Newt Gingrich says all the attention to be paid in Las Vegas by GOP officials and wannabe presidents this weekend to billionaire campaign donor Sheldon Adelson—a patron of Gingrich's 2012 White House bid—is something that won't go away until genuine campaign finance reform occurs.

"Whether it's the Koch brothers or [George] Soros on the left or Sheldon," said the former House speaker in an interview with National Journal on Friday, ticking off other campaign mega-donors, "if you're going to have an election process that radically favors billionaires and is discriminating against the middle class—which we now have—then billionaires are going to get a lot of attention."

 

Gingrich was asked about the gathering of some top Republicans in Las Vegas for what officially is the spring meeting of the Republican Jewish Coalition.

Some have even taken to dubbing the event the "Sheldon Primary," for the casino mogul who almost single-handedly bankrolled Gingrich's presidential candidacy in 2012 and is said to be looking for another horse to back for the White House in 2016.

In fact, several news outlets including The Washington Post reported this week that various one-on-one chats between the 80-year-old Adelson and potential Republican presidential nominees could be the most important aspect of the Las Vegas event.

 

The list of attendees includes former Florida Gov. Jeb Bush, New Jersey Gov. Chris Christie, Wisconsin Gov. Scott Walker, and Ohio Gov. John Kasich, according to published reports.

So, what could be at stake in wooing Adelson? Independent analyses by groups such as ProPublica have determined that Adelson spent more money on elections in 2012 than anyone else in history. ProPublica determined after combing through Federal Election Commission and IRS records that Adelson and his wife, Miriam, spent at least $98 million during that election cycle.

The money went to at least 34 different candidates and groups, with contributions ranging from $2,000 for a Florida congressional candidate to $30 million for Restore Our Future, the super PAC that supported 2012 GOP nominee Mitt Romney.
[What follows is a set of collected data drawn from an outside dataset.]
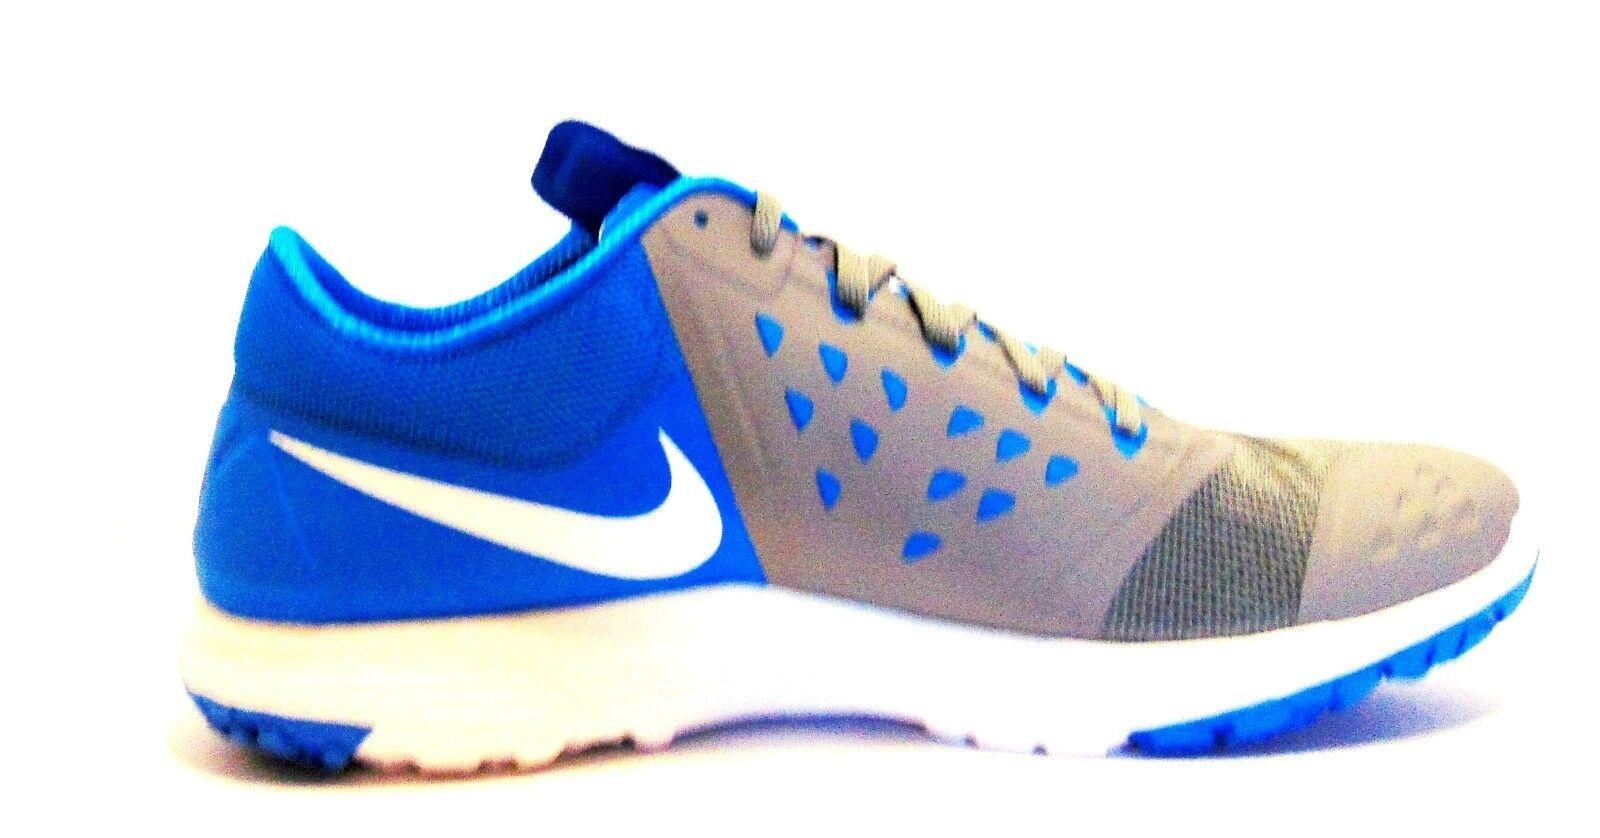 Nike Men's FS Lite Trainer Trainer Trainer II Cross Trainer Grey Photo bluee 52ffef
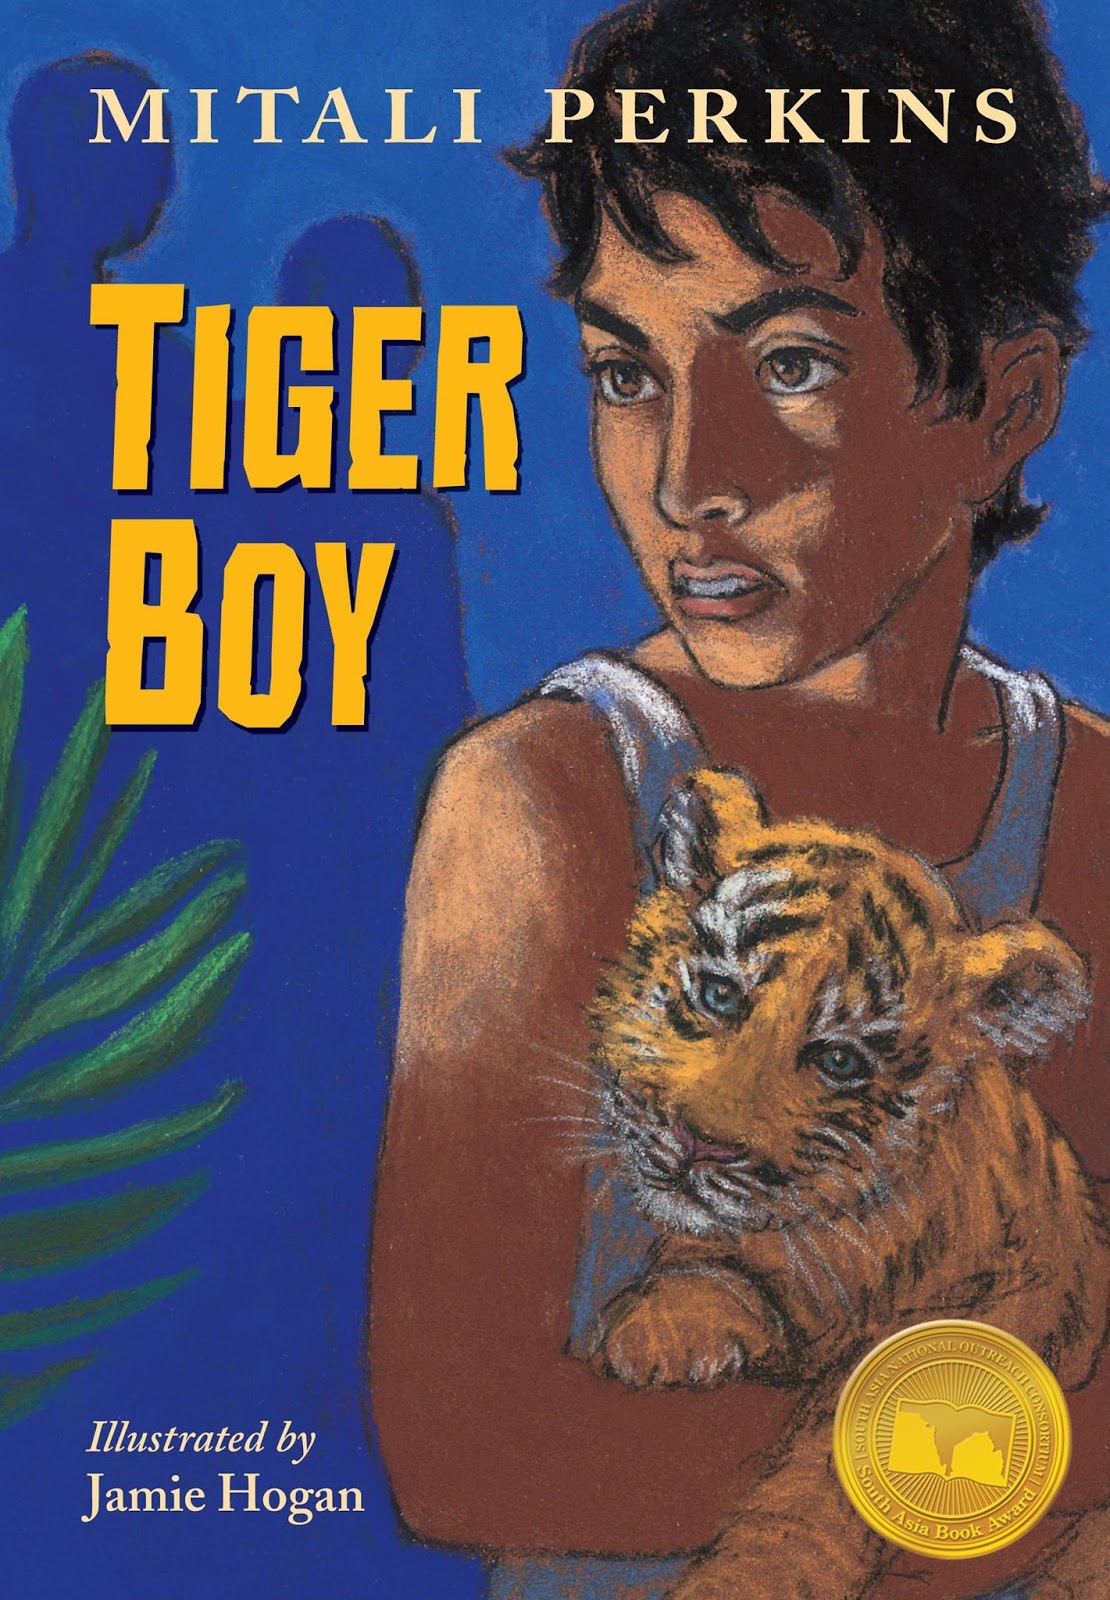 tiger boy by mitali perkins. Black Bedroom Furniture Sets. Home Design Ideas
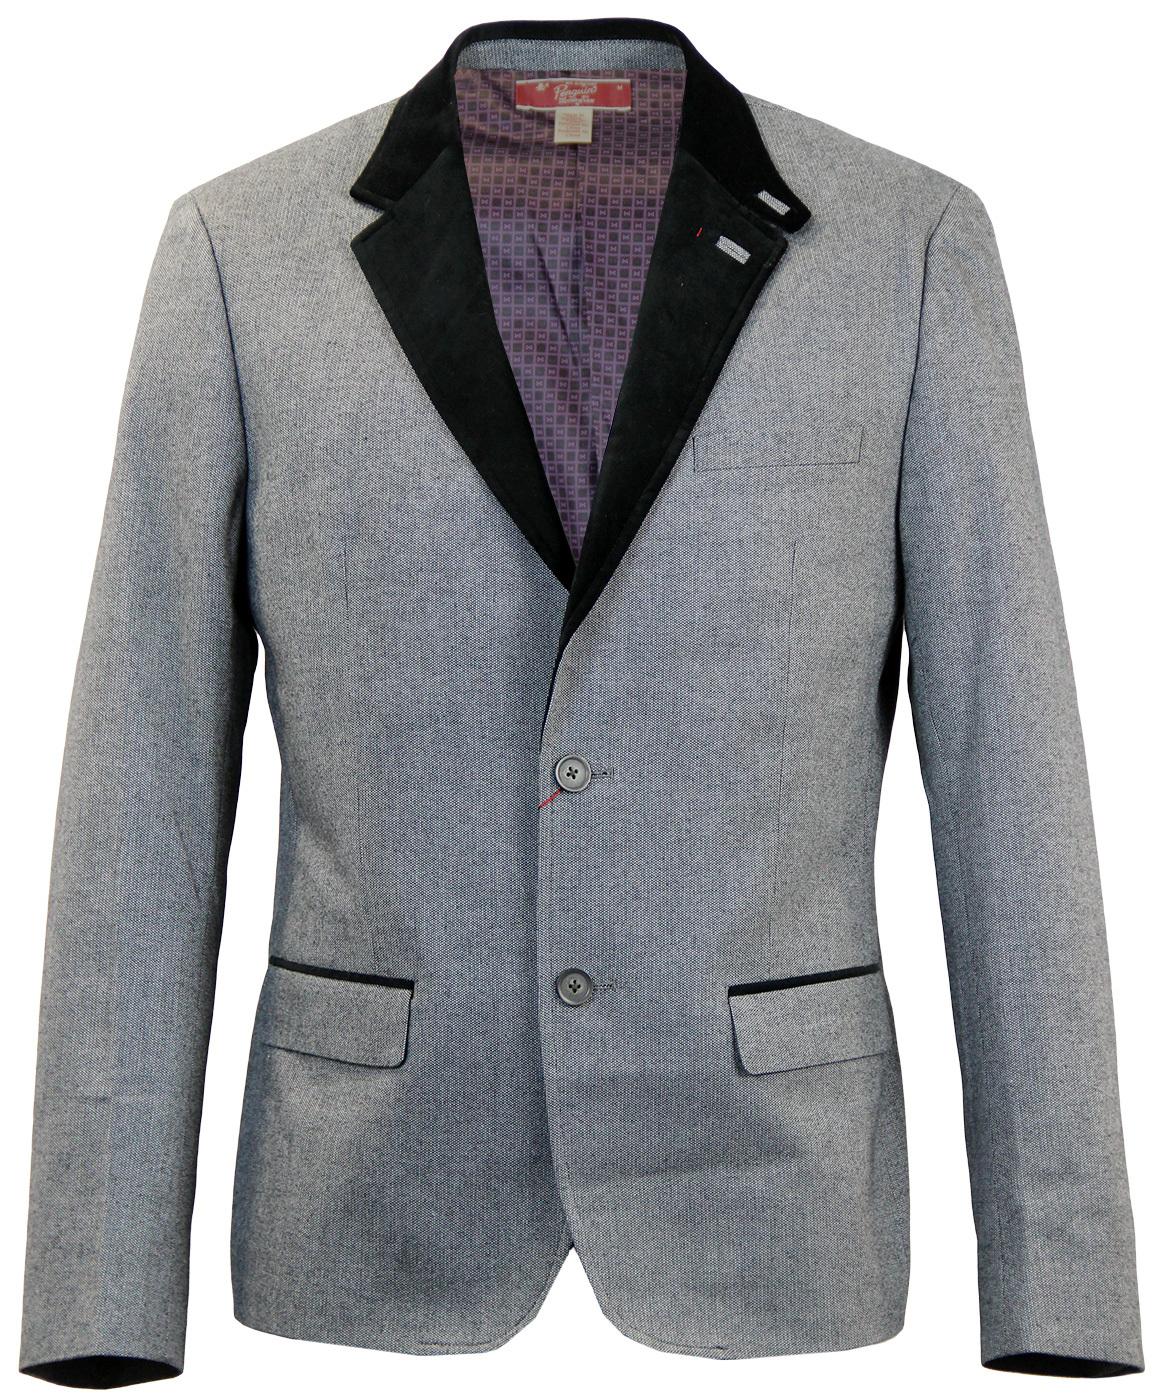 ORIGINAL PENGUIN Retro Mod Sixties Suit Jacket

ProPublica also found that Adelson gave $20 million to Winning Our Future, a super PAC backing Gingrich's campaign before he called it quits; $23 million to American Crossroads, a conservative super PAC; and $5 million each to the Congressional Leadership Fund and the YG Action Fund, both of which supported Republican candidates for Congress.

 

Gingrich is not attending the gathering this weekend. But when asked by National Journal about all the focus on Adelson's role, he said, "Sheldon's a generous guy and he can attract a lot of players who want to come and hang out with him, and then they collectively attract a number of potential candidates."

But Gingrich added, "The truth is, we desperately need an election reform which allows candidates to receive the same amount of money as super PACs." House Speaker John Boehner is also expected to attend the event this weekend.